Da maneira mais dolorosa possível, ele descobrirá que o proprietário é William (Anthony Hopkins), um renomado médico galês com dinheiro (e tempo) o bastante para ter criado um projeto que transforma o veículo em uma armadilha mortal. Entre choques elétricos, alterações drásticas de temperatura, privação de água / comida e músicas tocadas repetidamente em volume excessivo, Eddie terá que encarar a possibilidade de perder a vida graças a uma escolha equivocada.

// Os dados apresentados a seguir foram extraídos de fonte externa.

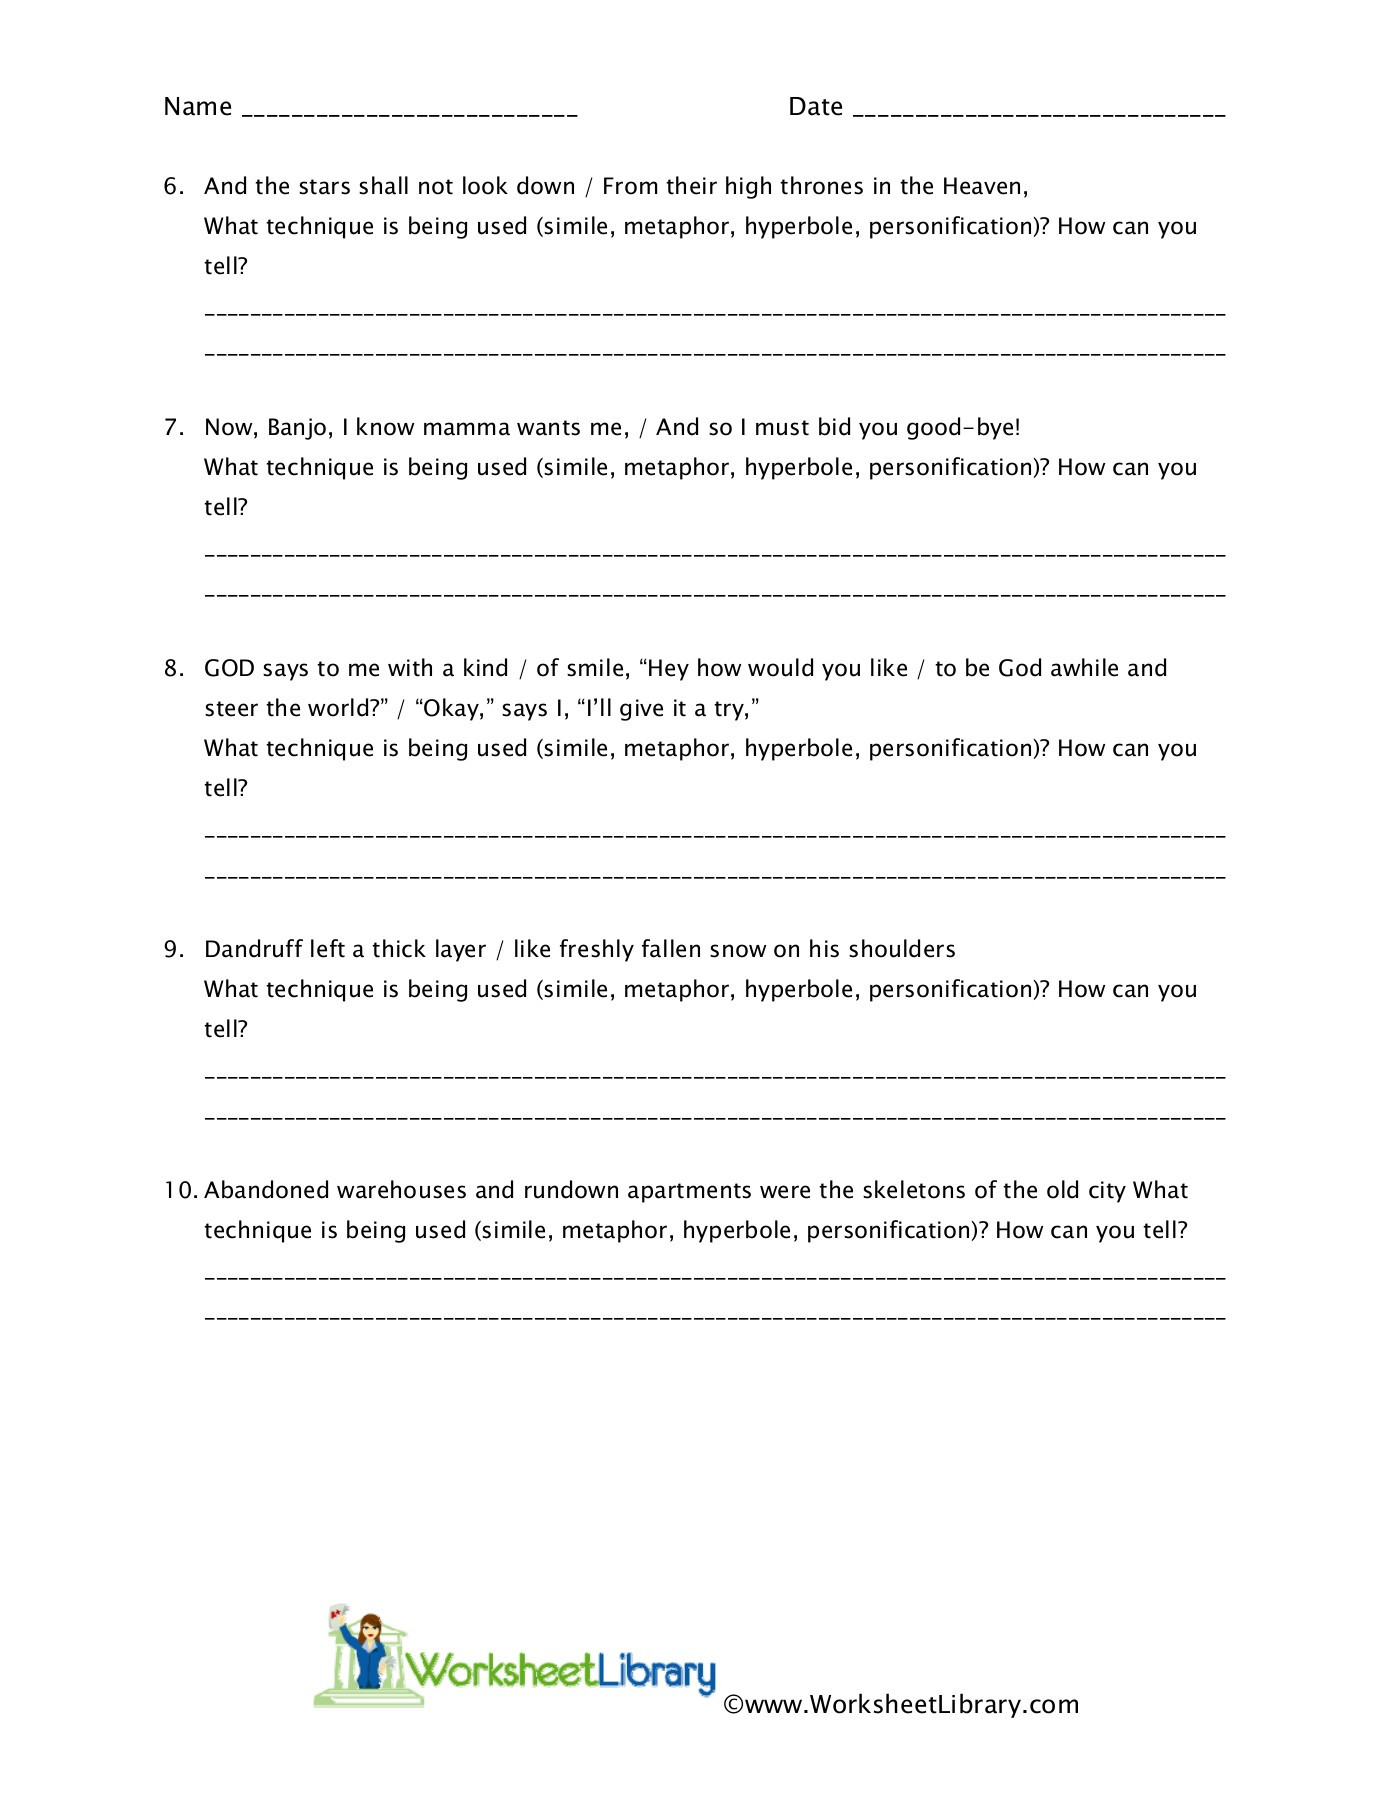 Simile Metaphor Personification Worksheet Identifying Figurative Language – Worksheet 1 Pages 1 3
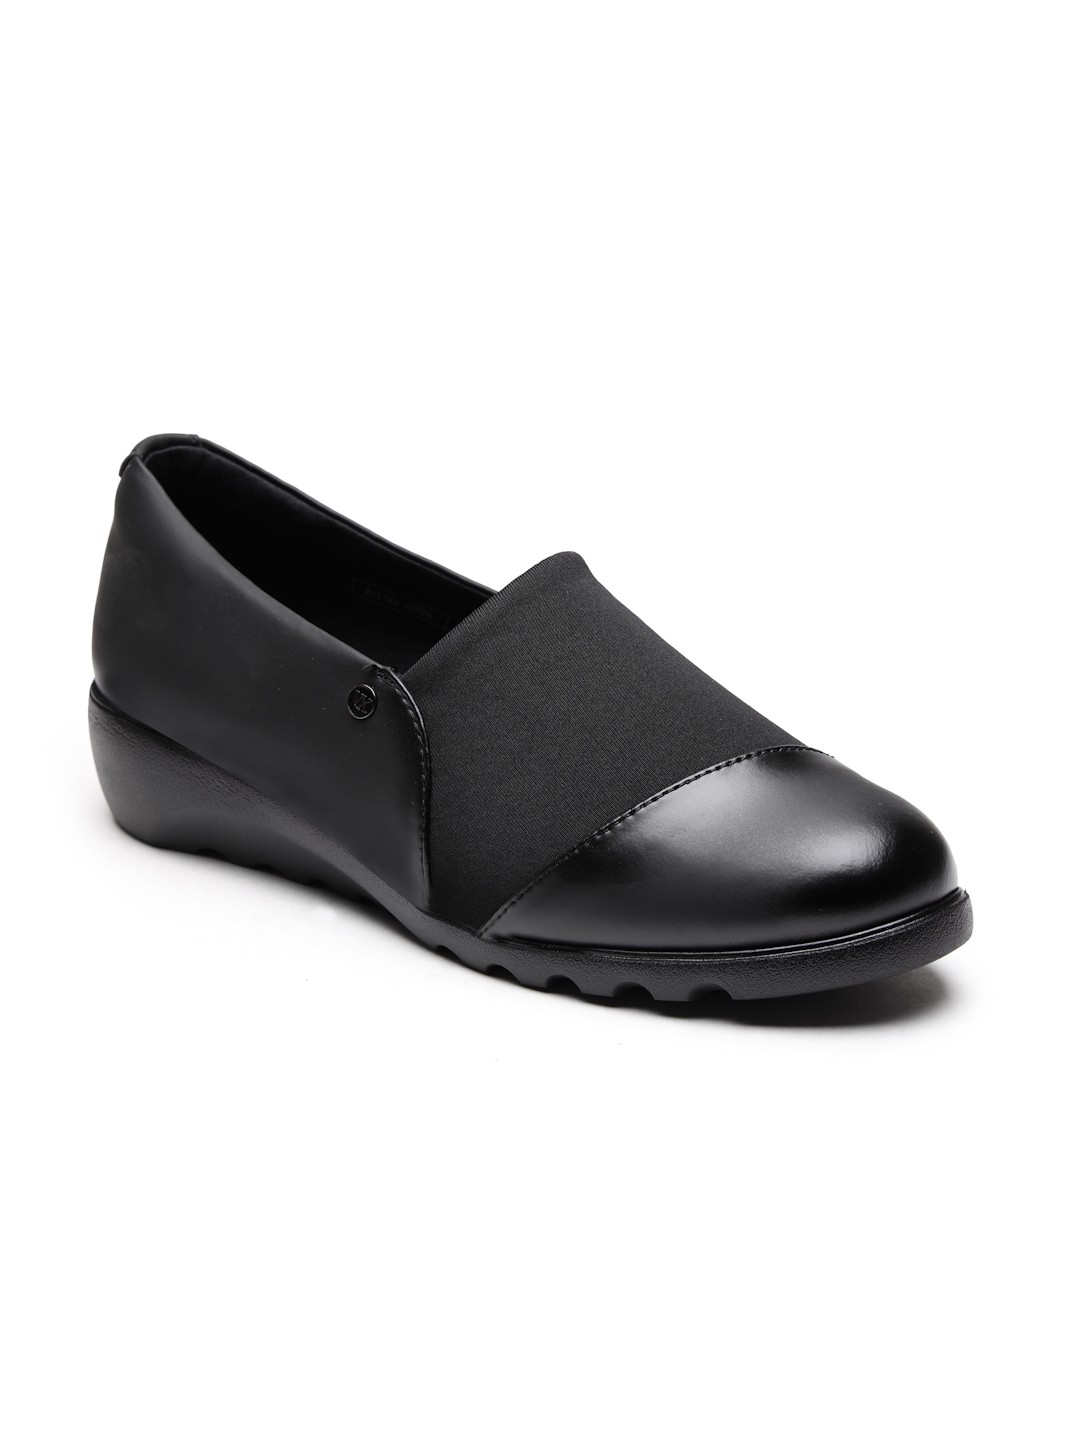 Buy Von Wellx Germany Comfort Women's Black Casual Shoes Ayla Online in Chandigarh

Contudo, se o filme produzido por Sam Reimi dá a impressão de ser apenas uma vitrine para exibição de variadas torturas físicas e psicológicas, logo se transforma em algo mais profundo. O roteiro de Michael Arlen Ross coloca na mesa um assunto que nunca perde a relevância, capaz de gerar calorosos debates: a desigualdade social gritante que assola o mundo.

De um lado, um indivíduo jovem que vive com dificuldades financeiras, em uma área pouco convidativa e repleta de problemas. Do outro, um homem idoso, com uma carreira profissional que lhe rendeu uma vida confortável, mas que perdeu a filha para a criminalidade, após um assalto.

O que parece justo aos olhos de um é proporcionalmente injusto ao outro. Os argumentos para determinadas ações que se mostram válidos em um primeiro momento, perdem força quando olhamos o quadro com mais atenção, analisando não somente os detalhes que beneficiam tão só quem os apresenta.

Passado quase por completo dentro do referido carro, “Confinado” provoca aflição na medida certa. A fotografia de Michael Dallatorre faz questão de lembrar o espectador do quão reduzido é o espaço, seja com um passeio da câmera pelo estacionamento vazio, ou quando transita pelas ruas e becos que servem de tanto de abrigo a quem não tem recursos, quanto de palco àqueles cuja realidade está à margem da lei.

Bill Skarsgård é uma presença solitária na maior parte dos 95 minutos de duração do thriller / suspense. A voz de Anthony Hopkins (ouvida através do painel do SVU) impõe medo e respeito, assim como sua figura quando o ator entra em cena. A competente dupla de atores aumenta – e muito – a qualidade do que se vê em tela.

Vale conferir.

por Angela Debellis

*Título assistido em Cabine de Imprensa promovida pela Diamond Films.